Artificial Intelligence-Based Opportunistic Coronary Calcium Screening in the Veterans Affairs National Healthcare System
This work addresses the need for opportunistic screening of cardiovascular risk in patients undergoing routine chest CTs, particularly in the Veterans Affairs healthcare system, representing a significant but incremental advance in medical imaging.
The study tackled the problem of underutilized coronary artery calcium (CAC) screening from non-cardiac chest CT scans by developing a deep learning algorithm (AI-CAC) to automatically quantify CAC on non-gated scans, achieving accuracies of 89.4% and 87.3% for differentiating CAC scores and predicting mortality and cardiovascular events with hazard ratios up to 3.49.

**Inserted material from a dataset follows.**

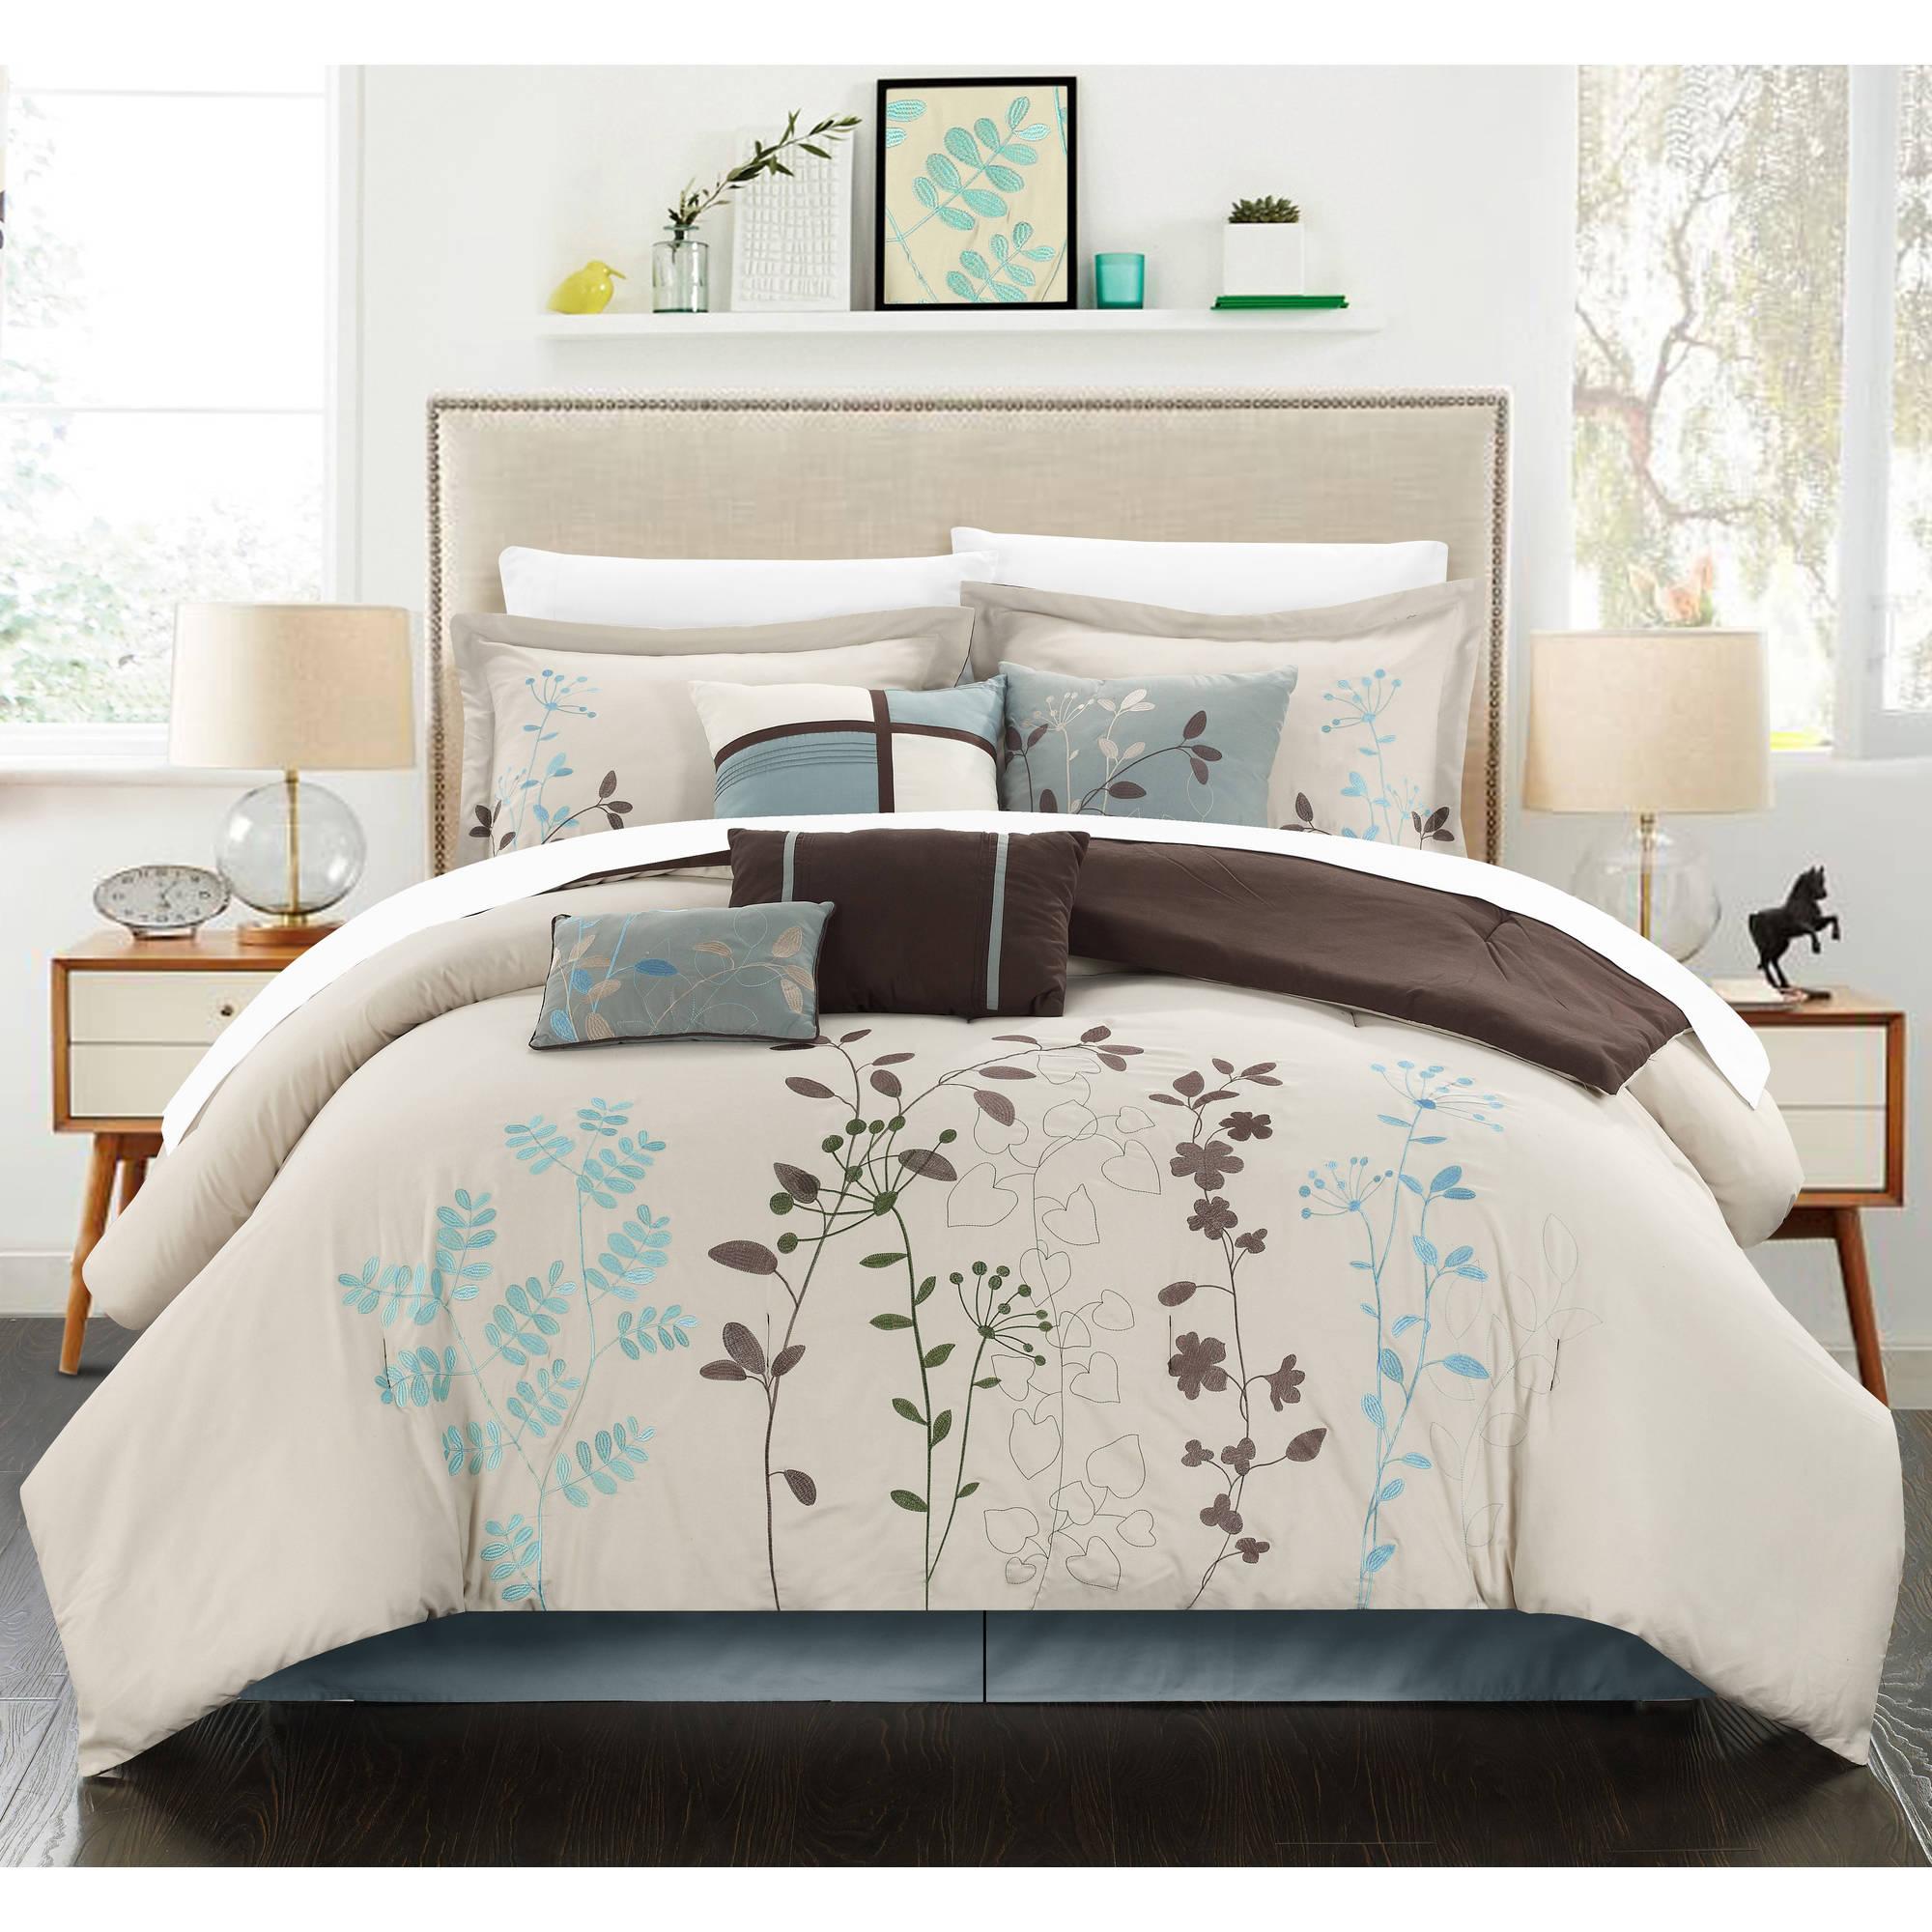 Fortuno 8-Piece Bedding Comforter Set

Coronary artery calcium (CAC) is highly predictive of cardiovascular events. While millions of chest CT scans are performed annually in the United States, CAC is not routinely quantified from scans done for non-cardiac purposes. A deep learning algorithm was developed using 446 expert segmentations to automatically quantify CAC on non-contrast, non-gated CT scans (AI-CAC). Our study differs from prior works as we leverage imaging data across the Veterans Affairs national healthcare system, from 98 medical centers, capturing extensive heterogeneity in imaging protocols, scanners, and patients. AI-CAC performance on non-gated scans was compared against clinical standard ECG-gated CAC scoring. Non-gated AI-CAC differentiated zero vs. non-zero and less than 100 vs. 100 or greater Agatston scores with accuracies of 89.4% (F1 0.93) and 87.3% (F1 0.89), respectively, in 795 patients with paired gated scans within a year of a non-gated CT scan. Non-gated AI-CAC was predictive of 10-year all-cause mortality (CAC 0 vs. >400 group: 25.4% vs. 60.2%, Cox HR 3.49, p < 0.005), and composite first-time stroke, MI, or death (CAC 0 vs. >400 group: 33.5% vs. 63.8%, Cox HR 3.00, p < 0.005). In a screening dataset of 8,052 patients with low-dose lung cancer-screening CTs (LDCT), 3,091/8,052 (38.4%) individuals had AI-CAC >400. Four cardiologists qualitatively reviewed LDCT images from a random sample of >400 AI-CAC patients and verified that 527/531 (99.2%) would benefit from lipid-lowering therapy. To the best of our knowledge, this is the first non-gated CT CAC algorithm developed across a national healthcare system, on multiple imaging protocols, without filtering intra-cardiac hardware, and compared against a strong gated CT reference. We report superior performance relative to previous CAC algorithms evaluated against paired gated scans that included patients with intra-cardiac hardware.